What Synchrony Is Not
It’s worth being clear about what this isn’t. Synchrony in coupled oscillators is not communication in any meaningful sense. The fireflies are not talking to each other. The pendulum clocks are not “aware” of each other. What’s happening is a physical process — energy and timing information propagating through a medium — that produces coordination as an emergent property.

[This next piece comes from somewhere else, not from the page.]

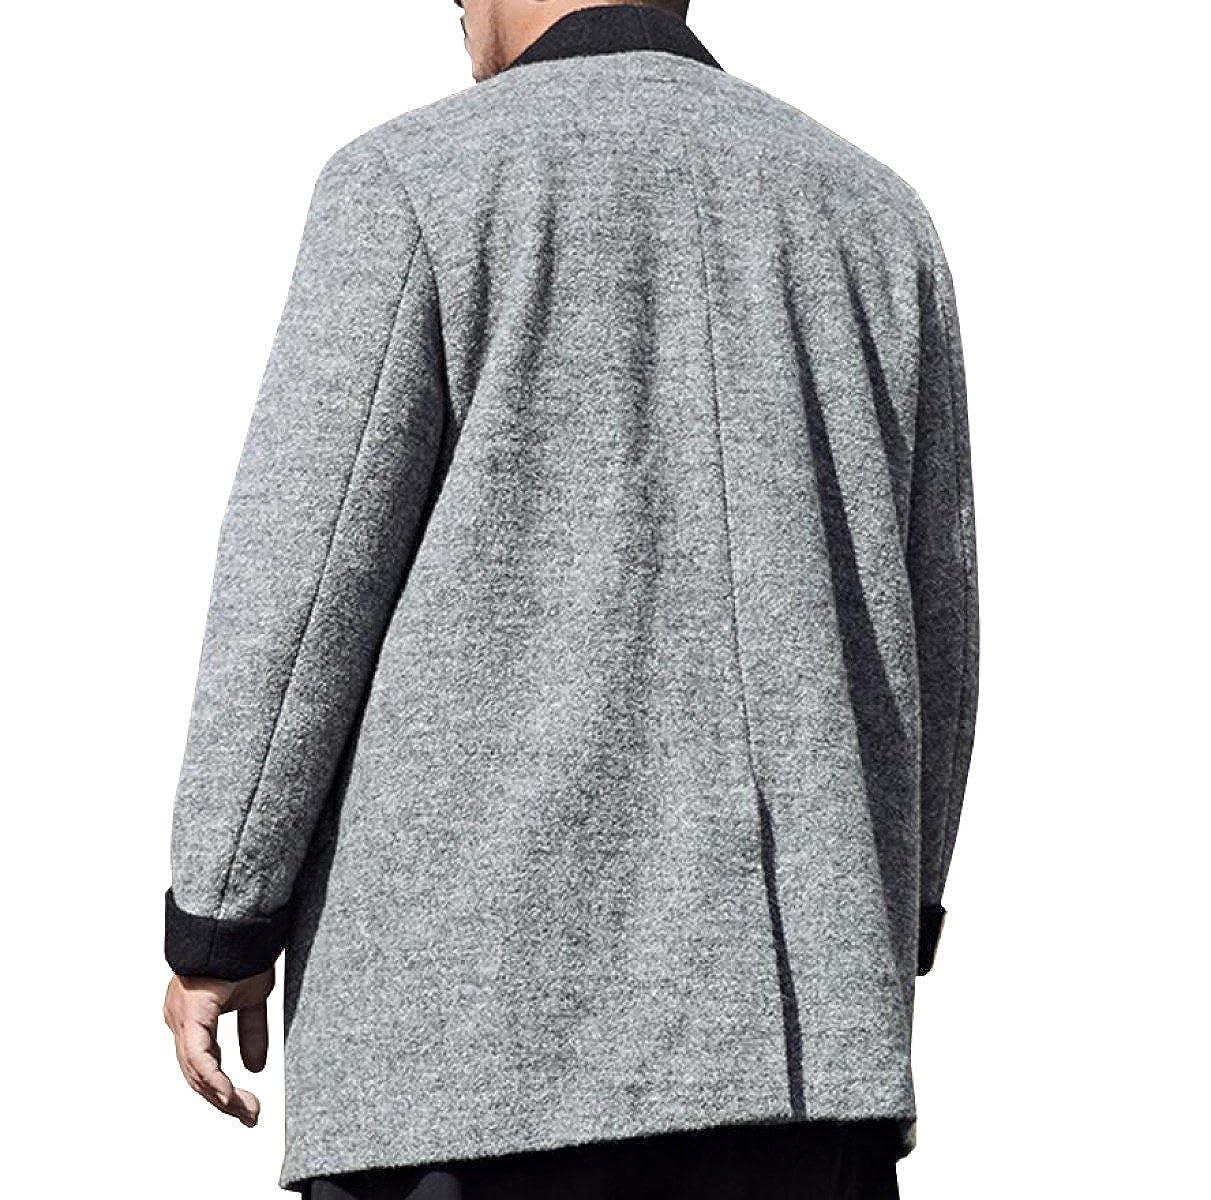 PFSYR Manteau en Laine pour Hommes en Gros Manteau en Laine

This matters because there’s a temptation to read intent into synchrony. When a crowd falls silent at the same moment, when traffic flows and jams like a fluid, when applause in a theatre crystallises from ragged clapping into a regular beat — these feel like collective decisions. They’re actually physics. The same physics that runs through wall beams and firefly neurons, operating on people who happen to be oscillators too.
A Closing Thought
There’s something quietly interesting about the fact that synchrony is the attractor. Left to their own devices, weakly coupled oscillators don’t stay independent. They converge. The universe, at a certain level of abstraction, seems to prefer rhythm over noise.
Huygens watched his clocks for hours, ill and puzzled, and what he was seeing was a system finding its minimum. Everything since — the fireflies, the bridge, the mathematics of coupled oscillators — is footnote to that same observation. Things that oscillate tend to find each other. The sympathy is odd. It’s also fundamental.